Why is there SPM → scspm? One of the reasons is to improve the performance by searching for better coding + better pooling. The second reason is to increase the speed. How to increase the speed? The speed here is not the coding + pooling speed, but the classifier speed. SPM is designed as a linear feature. In this article, the authors used nonlinear SVM for experiments (using Mercer kernels ). Compared with linear SVM, nonlinear SVM is slower in training and testing. For the reason, we may look at the dual form of SVM:
(1)
If the kernel function is a linear kernel: K (z, zi) = ztzi, then the SVM decision function can be rewritten:
(2)
From the two formula, we can see that the complexity of training and storage is not mentioned.

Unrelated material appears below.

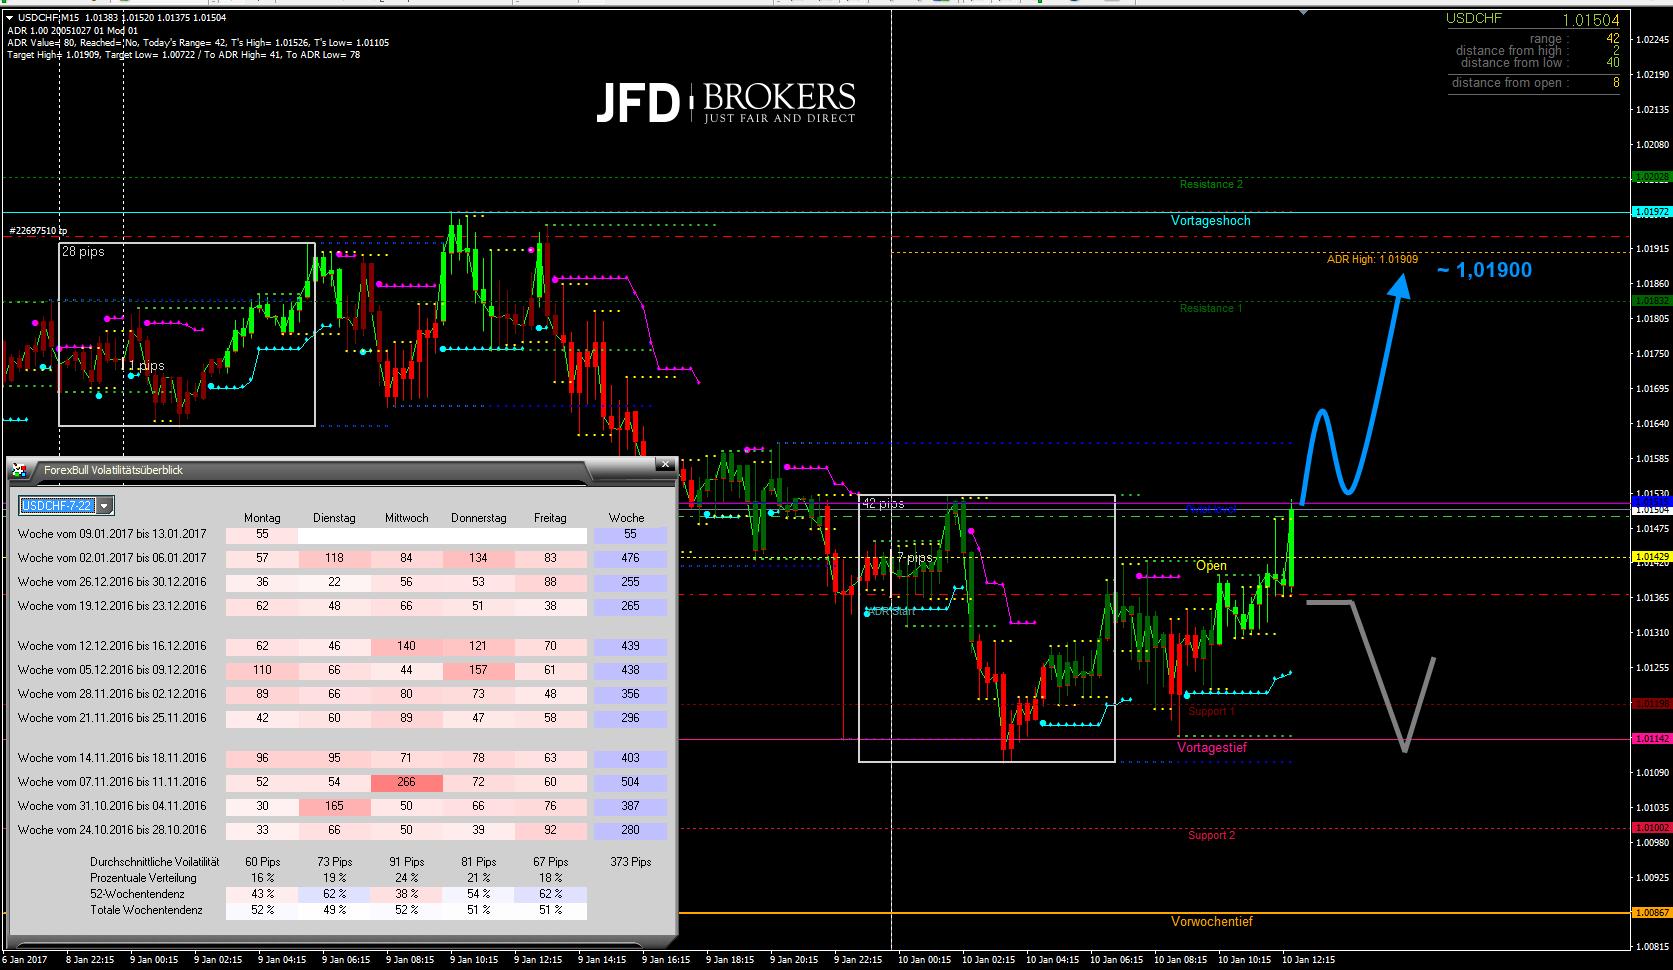 USD-CHF-M15-Oberhalb-des-Pivot-Points-wird-es-spannend-Kommentar-JFD-Brokers-GodmodeTrader.de-1

For testing, the (1) formula calculates K (z, zi) separately for each test sample ), therefore, the time complexity of testing is O (n ). The (2) Type wt can be calculated in advance, so the time complexity of each testing is O (1 ). In addition, the scalability of linear classifier is better.
Therefore, it would be best to design a linear and segmented feature description after coding + pooling.Therefore, whether a nonlinear feature + linear SVM can be designed to achieve an equivalent or even better effect than linear feature + nonlinear SVM has become the focus of scspm and LLC research.
Scspm
SPM uses hard-VQ in coding step, that is, a descriptor can only be projected into one term in the dictionary. This results in a significant reconstruction error (worse reconstruction, large quantization errors ). In this way, similar descripors become very different after coding. Scspm removes this constraint. It considers that descripor can be projected onto several terms, not just one. Therefore, the target function becomes:
(3)
M indicates the number of descriptor, and um indicates the projection coefficient of the M descriptor on the dictionary v.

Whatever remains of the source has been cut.